Dhandha and Badheka also suggested the effect of oxygen potential in the fusion zone and the change of surface tension of molten metals using the electronegativity of the components that comprise the fluxes, which results in the change of the Marangoni flow from the horizontal to the vertical direction of weld zone.[51]
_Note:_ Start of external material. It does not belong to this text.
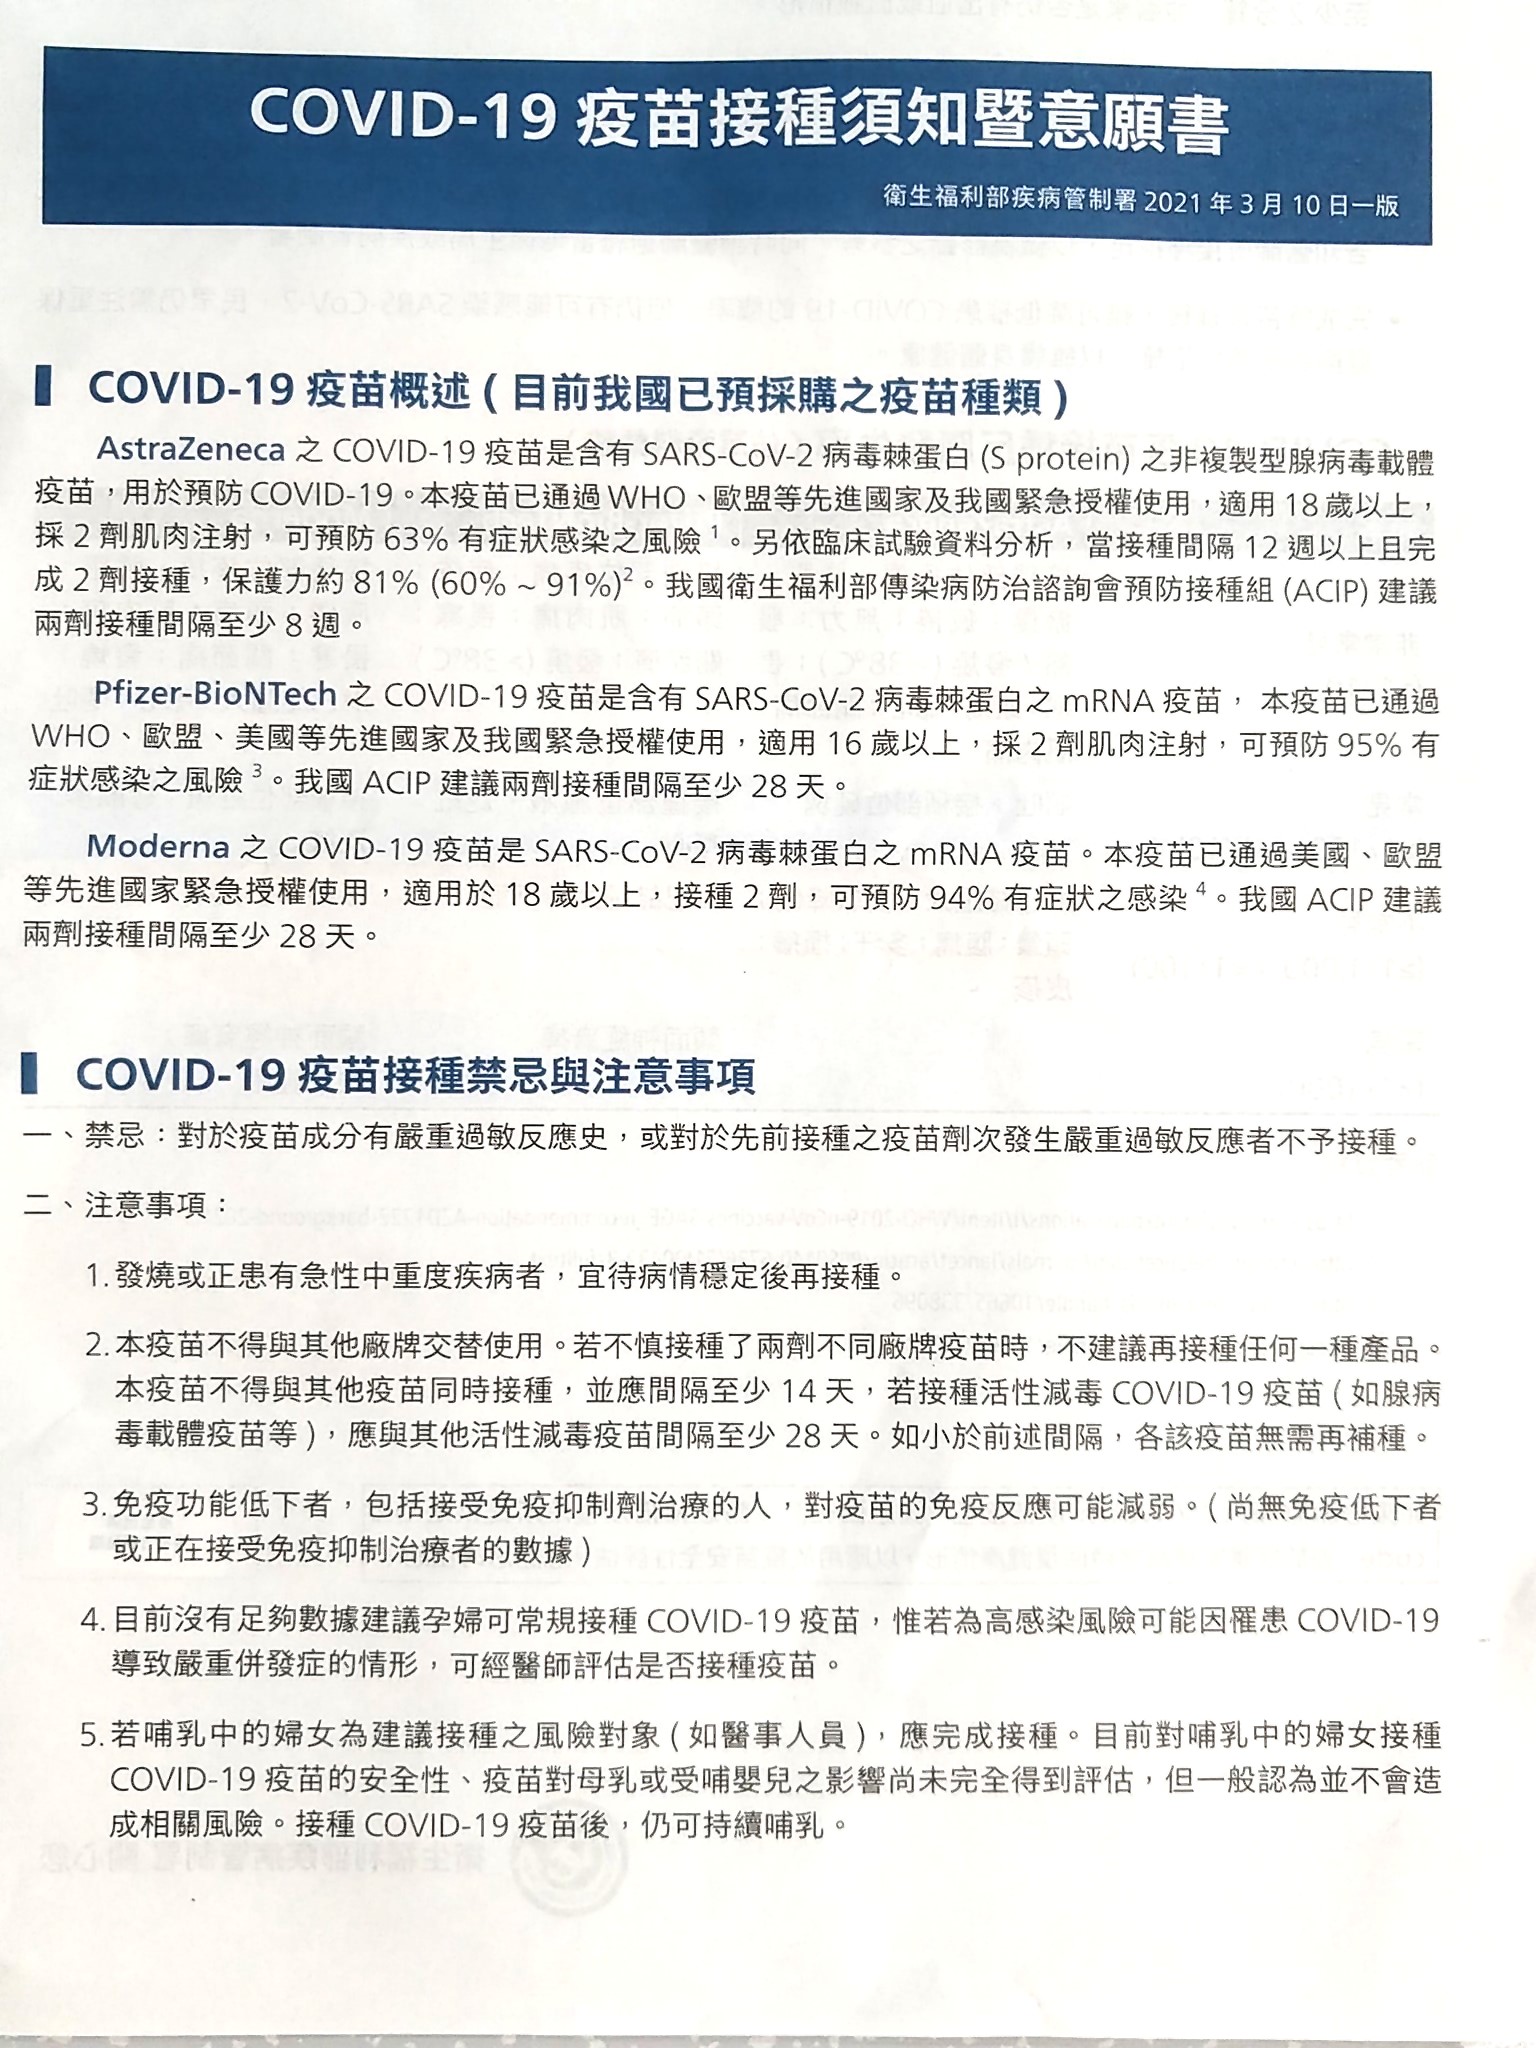 【紙本】COVID-19疫苗接種需知暨意願書(20210310一版).jpg
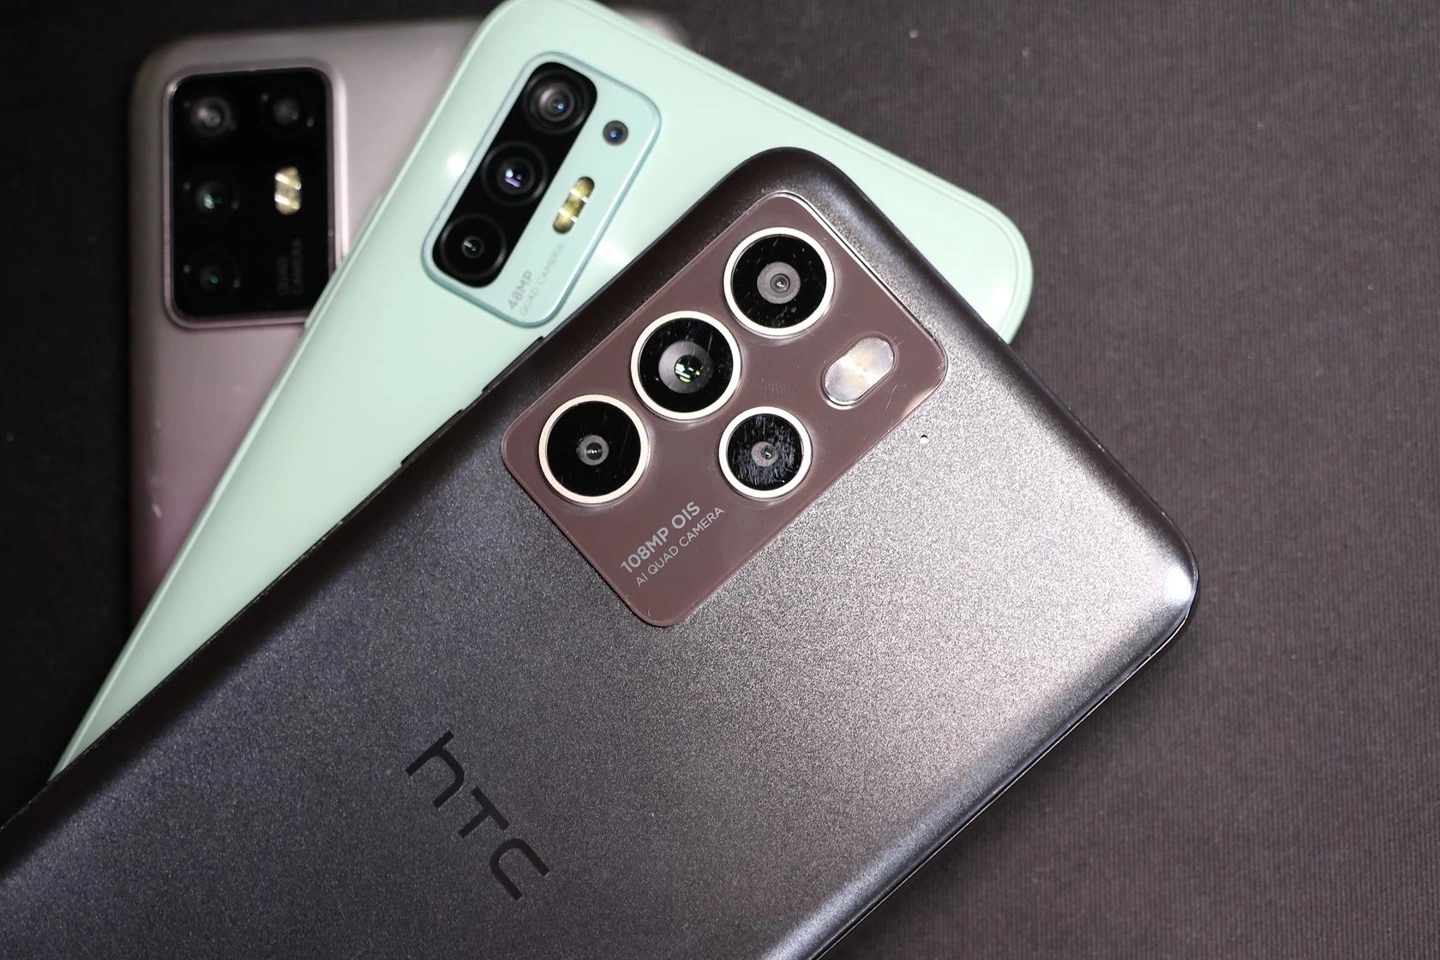 HTC U23 Pro 5G en imágenes: smartphone con cámara de 108 MP y procesador Snapdragon 7 Gen 1

Thus, the XPS oxygen anion analyses and structural analyses of the Raman measurement are well matched with the electronegativity trend, where the summation of the surface active components of O²⁻ and O⁻ and the TiO_t structural units follows an inverse ‘V-shape.’ Thus, the conductive heat transfer can be affected by not only the flux structural units but also the electronegativity.

4 Conclusions

Flux-cored arc welding wires with seven different TiO₂-based flux compositions were designed for high Mn-containing AHSS. Welded specimens were machined and mechanically tested to fundamentally identify the relationship between the flux composition and mechanical properties such as tensile strength and micro-Vickers hardness. Post-welded fluxes were retrieved and analyzed using XRF, which was used to determine the thermo-physical properties of the fluxes.

1. 1.

   The mechanical properties decreased until approximately 0.62 of the corrected optical basicity and increased oppositely. A valley shape of linearity was revealed with corrected optical basicity. The SEM and XRD analyses indicated that irregular ferrite phases were formed by fast cooling during the welding where fracture was occurred in, and a larger grain size of HAZ with a corrected optical basicity of approximately 0.62 was identified, while the other specimens, A and G, showed needle-shaped ferrite phases in the HAZ. Thus, the heat transfer of a flux can be considered the most important variable to understand the mechanical behavior.

2. 2.

   According to UV-VIS-NIR spectrophotometry, it was obvious that phonon vibration affected the heat transport phenomenon only during welding, and radiation and reflection can be neglected. In addition, heat transfer by phonon vibration can be enhanced by the degree of polymerization of flux at high temperatures, which was revealed by optical analyses.

3. 3.

   Thermo-physical properties such as wettability and viscosity were calculated and measured to identify the covering area on the bead and the degree of polymerization at high temperatures using the flux containing 6 wt pct Na₂O as a fusing agent. All welding fluxes spread on a Pt-10Rh plate with full wetting instantly when the temperature reached 1773 K. This meant that the covering effect was equal for all fluxes. The viscous behavior and degree of polymerization at high temperature increased in the order of G, A, and D, which well correlated with the heat transfer phenomenon.

4. 4.

   Optical analyses, such as Raman, FTIR, and XPS, were conducted to identify the network structure of high TiO₂ containing welding flux system. As a result of the optical analyses, it was revealed that most of the complex network structures created by [AlO₄]⁵⁻- and [SiO₄]⁴⁻-tetrahedral structures were already depolymerized by the basic oxides, and relatively simple structures based on TiO_t units substituted them and altered the network structure, which resulted in the variation of heat transfer phenomenon. However, this can only be applied in the restricted condition where the network structure is highly depolymerized and TiO₂ content is dominant.

5. 5.

   Electronegativity, a trend of attractive force to electrons, showed opposite behavior with the mechanical properties. A flux having high electronegativity can enhance arc stability and condense the arc area by the changes in the Marangoni flows. Thus, a deeper penetration can be realized. Subsequently, not only the thermal conductivity of the present welding flux but also the electronegativity affected the heat transfer phenomenon and direction during the welding process. In conclusion, both factors should be considered in the design of high TiO₂-MnO-based multi-component welding flux system.